В детстве в далеком Самарканде зачитывался я двумя томами его мемуаров «На жизненном пути». Думал, приехав в Ленинград, что он давно либо в могиле, либо доживает в эмиграции.

А он тут, в революционном Петрограде, проклятый всей белой эмиграцией — от великих князей до Бунина, Мережковского и Зинаиды Гиппиус; я помню эти проклятия: читал доходившие в Петроград «Последние новости» Милюкова, и кадетский «Руль», и рижские бульварные издания. Писали, что получил от большевиков особняк на Каменном острове, что к нему прикреплен автомобиль, что он утопает в роскоши. А Корней Чуковский пишет в своих воспоминаниях, как пришла к А. Ф. Кони на квартиру на Надеждинской в 1921 году, в день его рождения, делегация учащихся и принесла в подарок немножко белого хлеба.

Он жил на Надеждинской, близ Невского, и я, поселившийся в Басковом переулке, почти по соседству, не раз видел, как он спускался из своей квартиры, со своими костыликами, хромая, присаживаясь на крылечке. В эти годы он писал Корнею Чуковскому:

«Каждый вечер причиняет мне невероятную усталость и нервные боли в сломанной девятнадцать лет назад ноге».

Поднимался к нам в институт, отдыхал на площадках лестниц: это было очень высоко.

Не пропускал ни одной лекции. Мы платили ему тем же.

Читал курс, официально именовавшийся теорией и практикой ораторского искусства.

Но это был повод, толчок для мастерских портретов людей, встречавшихся ему на жизненном пути, прокуроров и следователей, свидетелей и обвиняемых, революционеров и черносотенцев, фальшивомонетчиков, убийц, душевнобольных. Начинает с рекомендаций будущим лекторам: одеваться опрятно, не неряшливо, так как «психическое действие на собравшихся начинается до речи, с момента появления лектора перед публикой», предостерегает их от учительского тона, «противного и ненужного взрослым, скучного — молодежи», просит не применять в речи одних и тех же выражений, даже на расстоянии. Цитирует Флобера и Мопассана, рекомендовавших не ставить в тексте одинаковых слов «ближе, чем на двести строк», и... и тут конец курсу ораторского искусства — он говорит о Флобере, Мопассане, о «Саламбо» и «Мадам Бовари», о «Милом друге» и о «Сентиментальном воспитании».

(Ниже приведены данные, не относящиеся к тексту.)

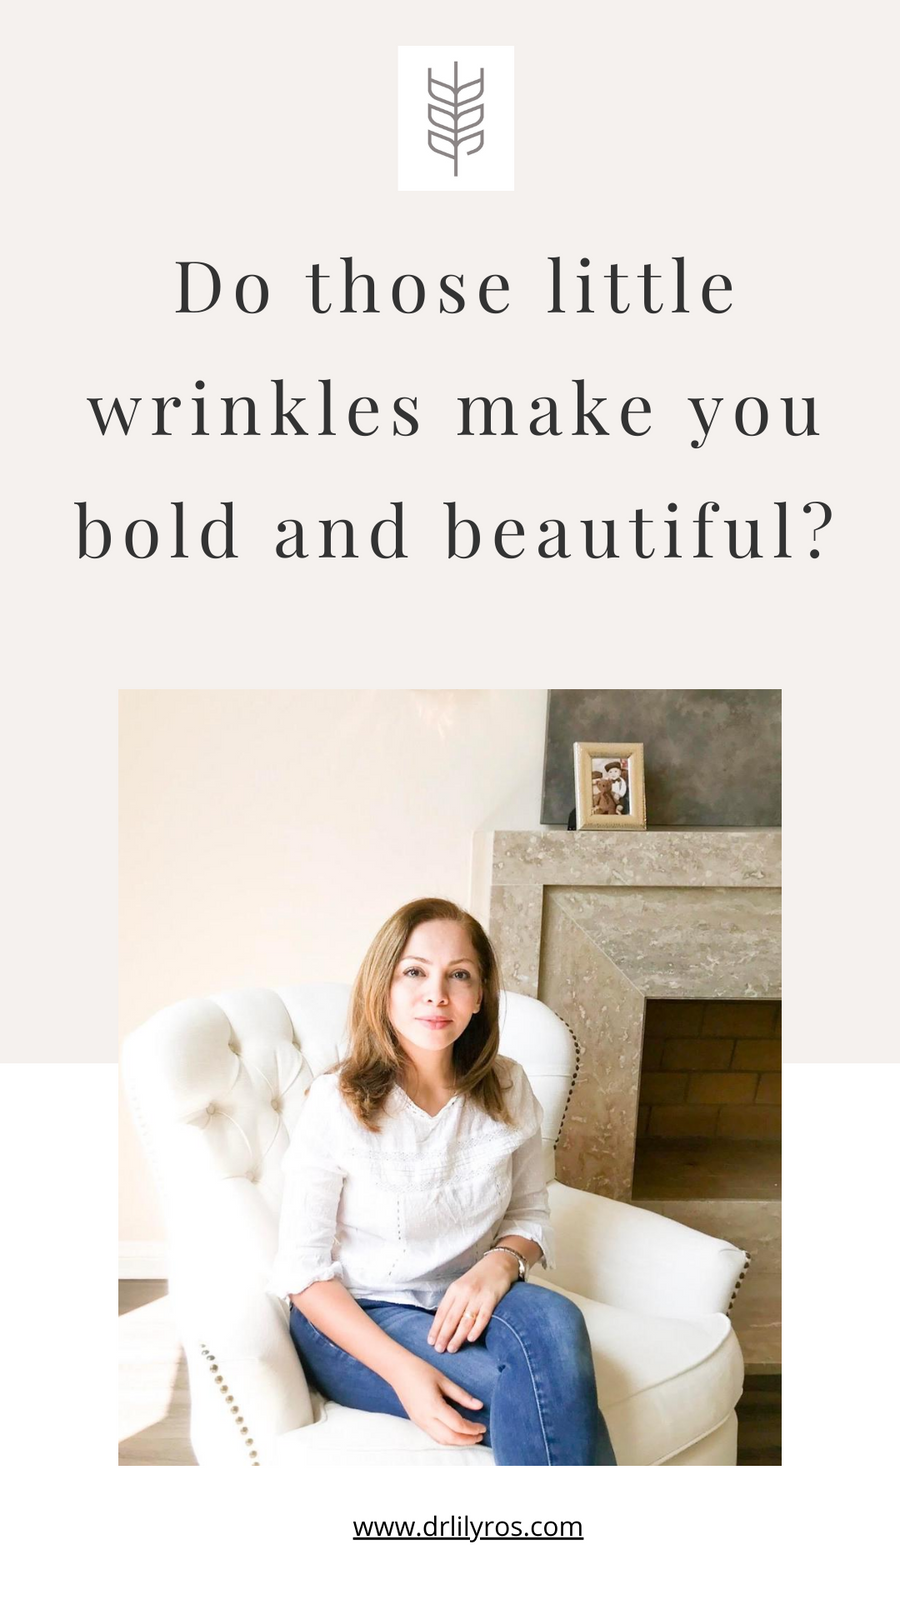 Do those little wrinkles make you bold and beautiful?
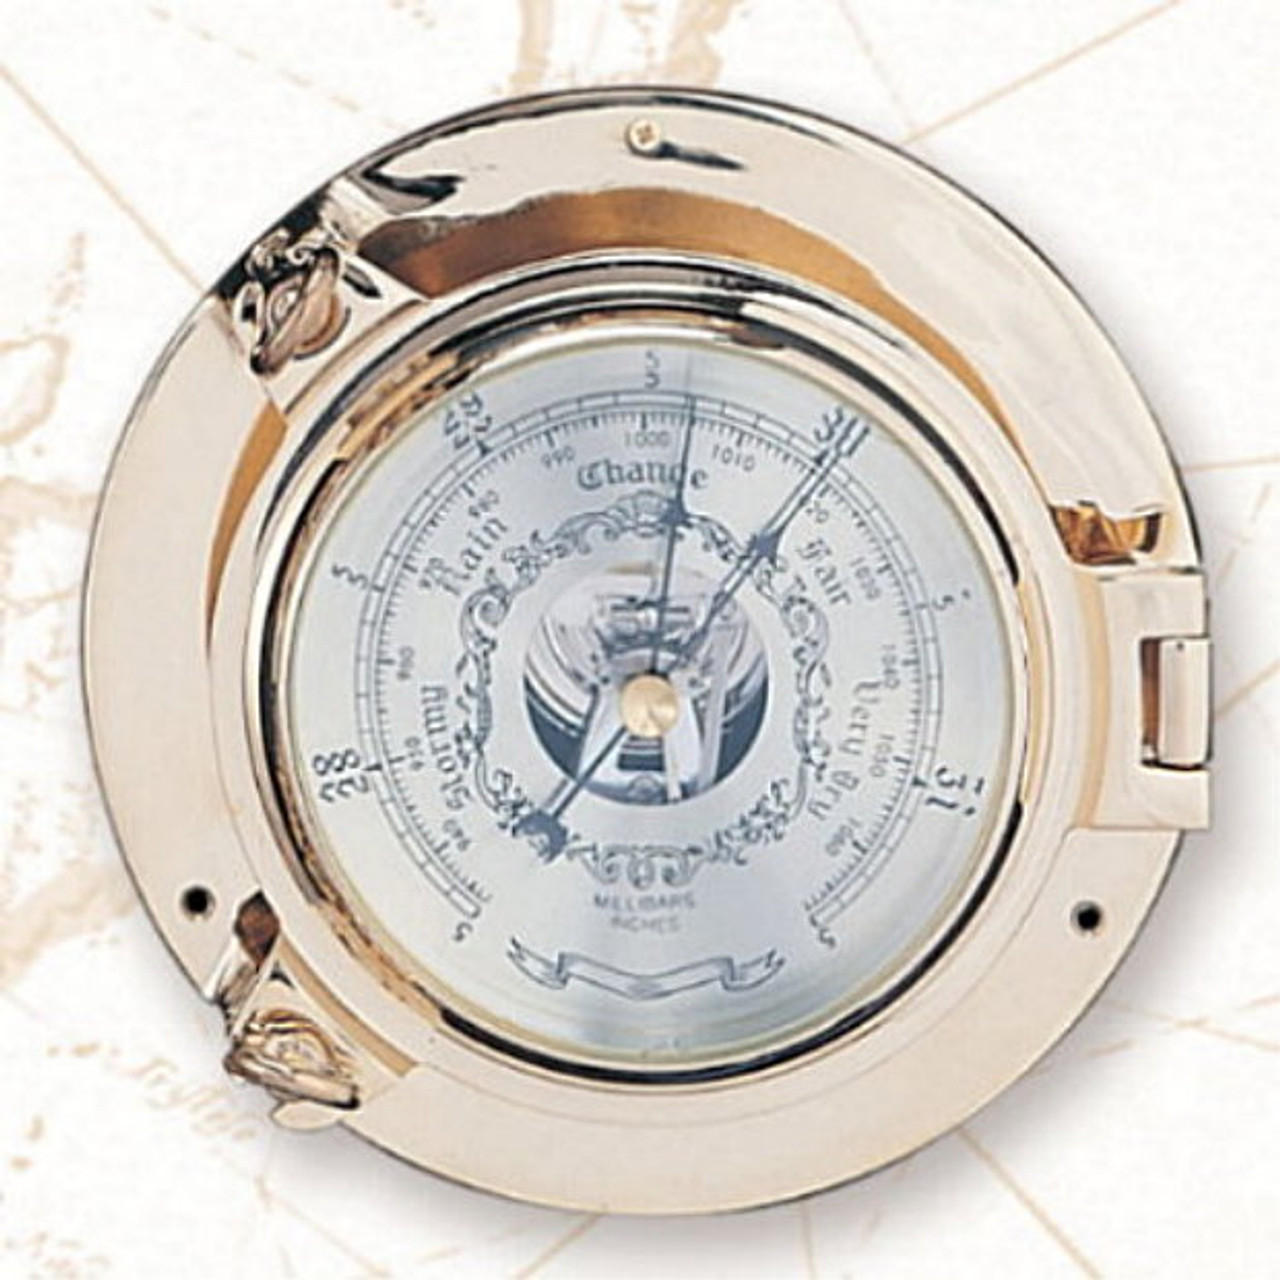 Nautical Brass Porthole German Barometers

Он бог отвлечений. И о том, как писались «Власть тьмы» и «Живой труп» — и они ведь, как и «Воскресение», возникли из уголовной хроники. И как Достоевский упросил Кони поехать вместе в колонию для малолетних преступников на Охте. И какую реакцию в Петербурге и в Париже вызвала речь Достоевского на пушкинских празднествах. Вечер с Чеховым после поездки Антона Павловича на Сахалин... Да что Чехов — Чехов жил и в начале двадцатого столетия! Встречи с Тургеневым, с Некрасовым, с Пироговым, с Майковым, с Писемским, с Апухтиным!..

Все это было захватывающе.

На наших занятиях он инсценировал судебные процессы, на одном из них я очень бездарно сыграл обвиняемого сектанта.

Зимой после очередной лекции помогаю ему, с трудом передвигающему ноги, сойти по скользким, обледенелым ступенькам Невской башни. На деньги, заработанные утром в порту, нанимаю извозчика, дремлющего у гранитной головы Лассаля. Лихо запахнув вовсе не медвежью полость, а какое-то грязноватое, рваное одеяло, везу Кони на Надеждинскую, в его старую, запущенную петербургскую квартиру.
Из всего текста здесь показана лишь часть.